As lojas de conveniência estão enfrentando desafios com pressões sobre as margens à medida que os padrões de fluxo de consumidores evoluem e as compras se tornam mais consolidadas. No entanto, sua vantagem de proximidade continua impulsionando a demanda por formatos de dose única. Outros canais de distribuição, incluindo serviços de alimentação, vending e assinaturas diretas ao consumidor (DTC), atendem a segmentos de nicho. Esses canais oferecem às marcas oportunidades para testar novos formatos de produtos e coletar feedback dos consumidores antes de expandir para o varejo convencional. A participação das barras de lanche na receita total de lanches do Reino Unido, destacada pela Houlihan Lokey, ressalta o significativo potencial de crescimento. Os fabricantes podem aproveitar essa oportunidade incentivando usuários ocasionais a se tornarem compradores regulares por meio de modelos de assinatura e promoções de multipacks.
Análise Geográfica
O mercado de barras de lanche no Reino Unido demonstra demanda significativa concentrada em centros urbanos como Londres, Manchester, Edimburgo e Birmingham. Essa tendência é amplamente impulsionada pela ascensão dos padrões de trabalho híbrido e pela crescente prevalência de ocasiões de refeições comprimidas, que estimulam um maior consumo per capita de formatos de lanche convenientes, portáteis e funcionais. Além disso, as preferências dos consumidores estão mudando, com 23,4% dos adultos no Reino Unido se identificando como flexitarianos e 66% expressando abertura para reduzir o consumo de carne. Essas preferências são particularmente proeminentes nas áreas metropolitanas, onde níveis mais elevados de escolaridade e renda disponível são comuns. Como resultado, há uma demanda crescente por barras de proteína premium e opções de lanche à base de plantas, que estão cada vez mais ocupando espaço nas prateleiras de varejistas independentes de alimentos naturais e redes especializadas.

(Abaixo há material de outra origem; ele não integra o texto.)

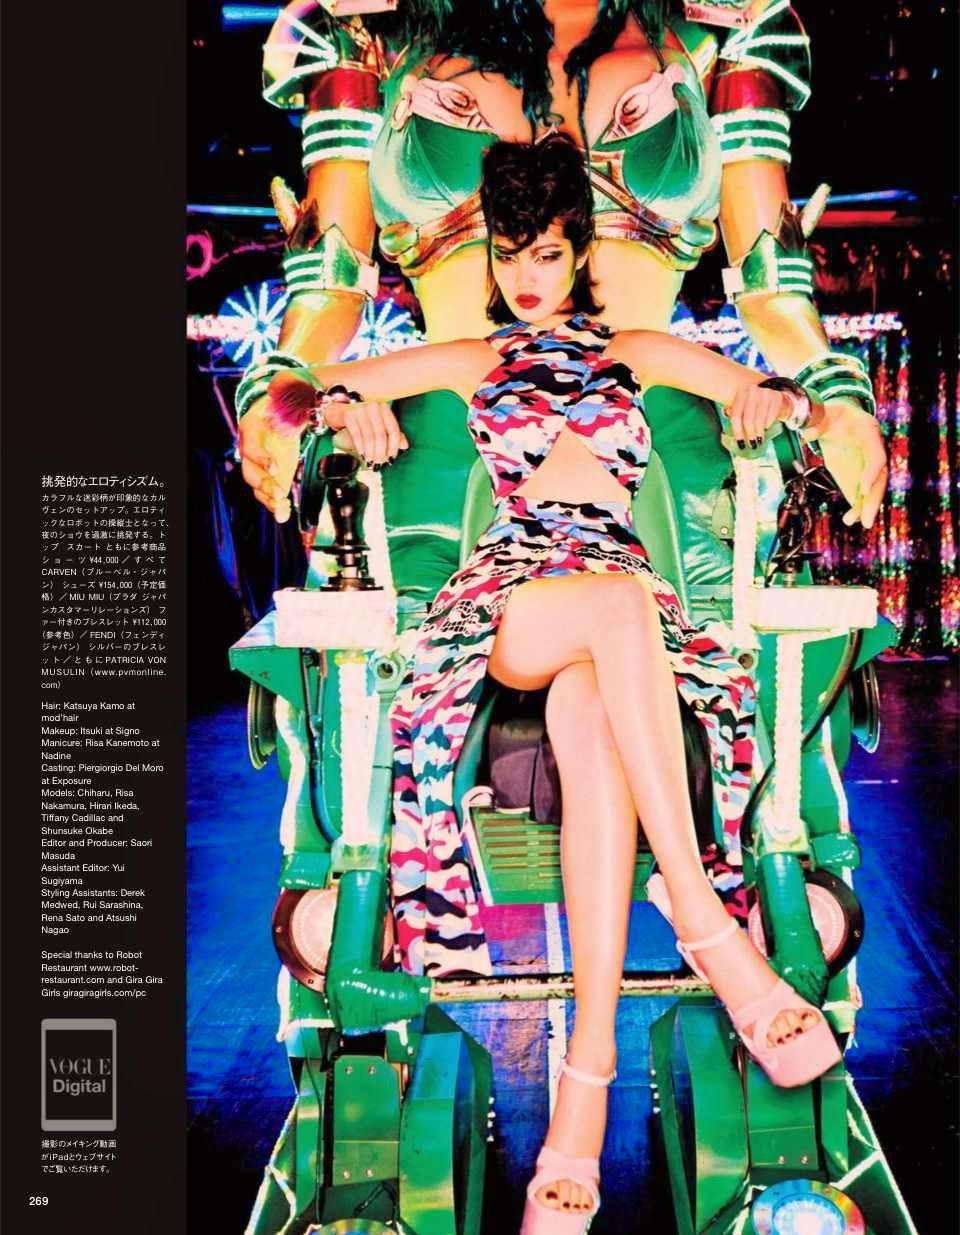 Tokyo Neon Girls: #ChiharuOkunugi & more by #EllenVonUnwerth for #VogueJapan July 2014
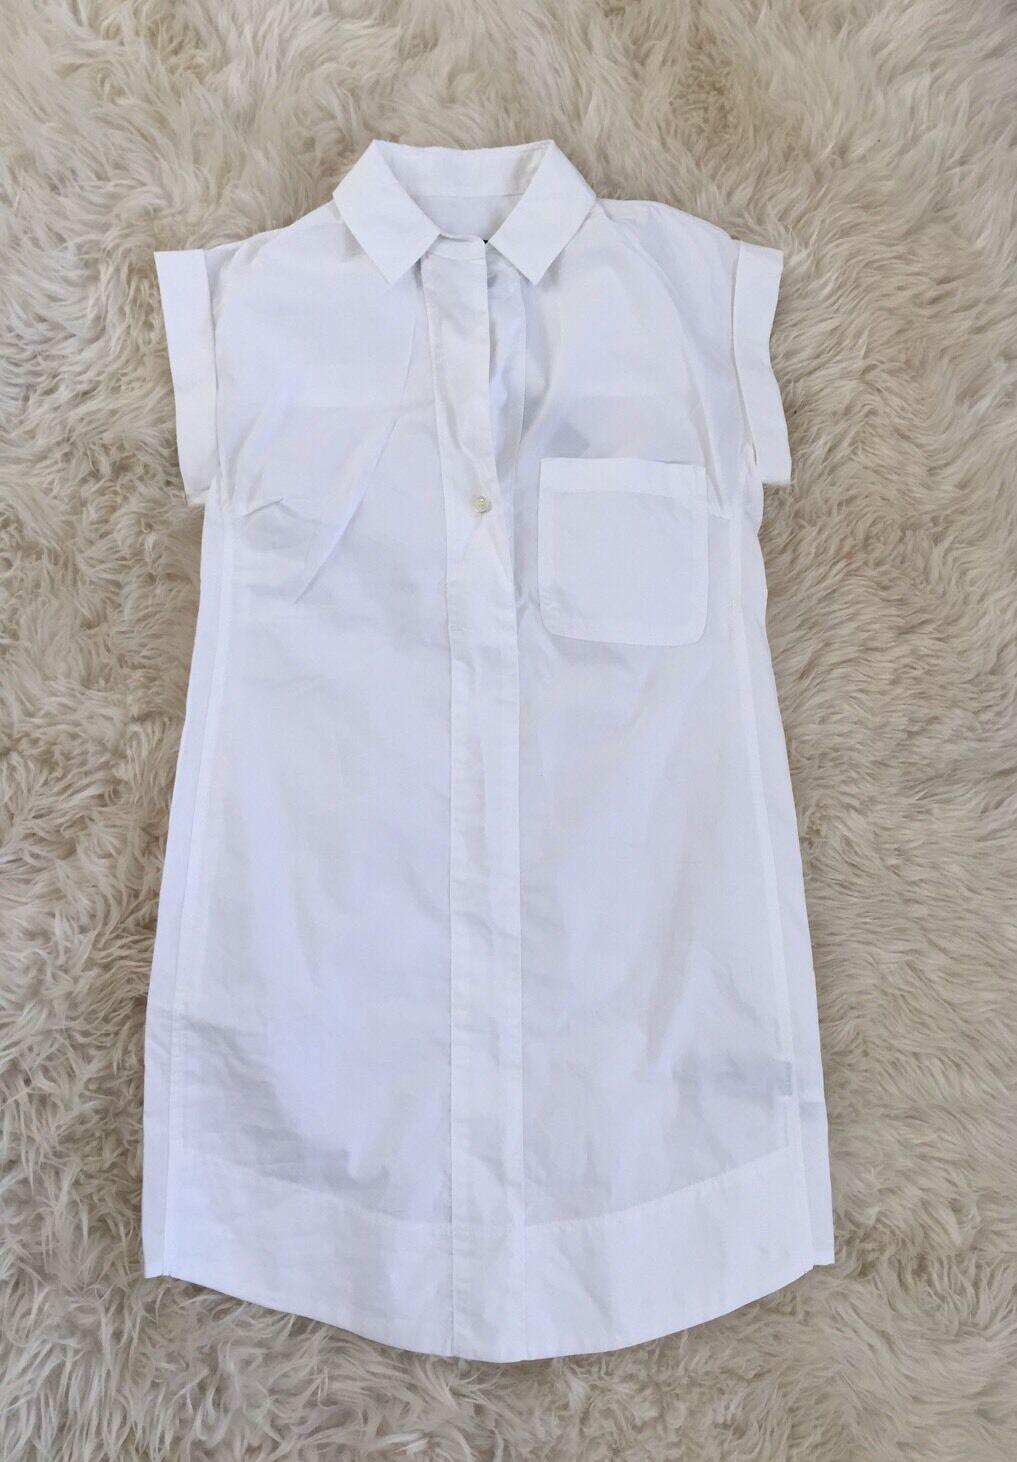 J CREW Short-Sleeve Cotton Shirtdress Sz PXXS Weiß C7214

A aplicação regulatória em todo o Reino Unido varia significativamente por região, criando desafios para empresas que operam em todo o país. A Agência de Padrões Alimentares (FSA) lançou uma vigilância varejista em 2024, que resultou em recalls de alérgenos em grandes varejistas, incluindo Tesco, Sainsbury's, Morrisons, Waitrose, Lidl e Asda. No entanto, os varejistas independentes na Escócia e no País de Gales enfrentam inspeções menos frequentes devido a restrições de recursos, levando a disparidades nos padrões de conformidade. Essas diferenças regionais na aplicação regulatória podem criar complexidades operacionais para fabricantes e varejistas, especialmente aqueles que visam manter padrões consistentes em todos os mercados.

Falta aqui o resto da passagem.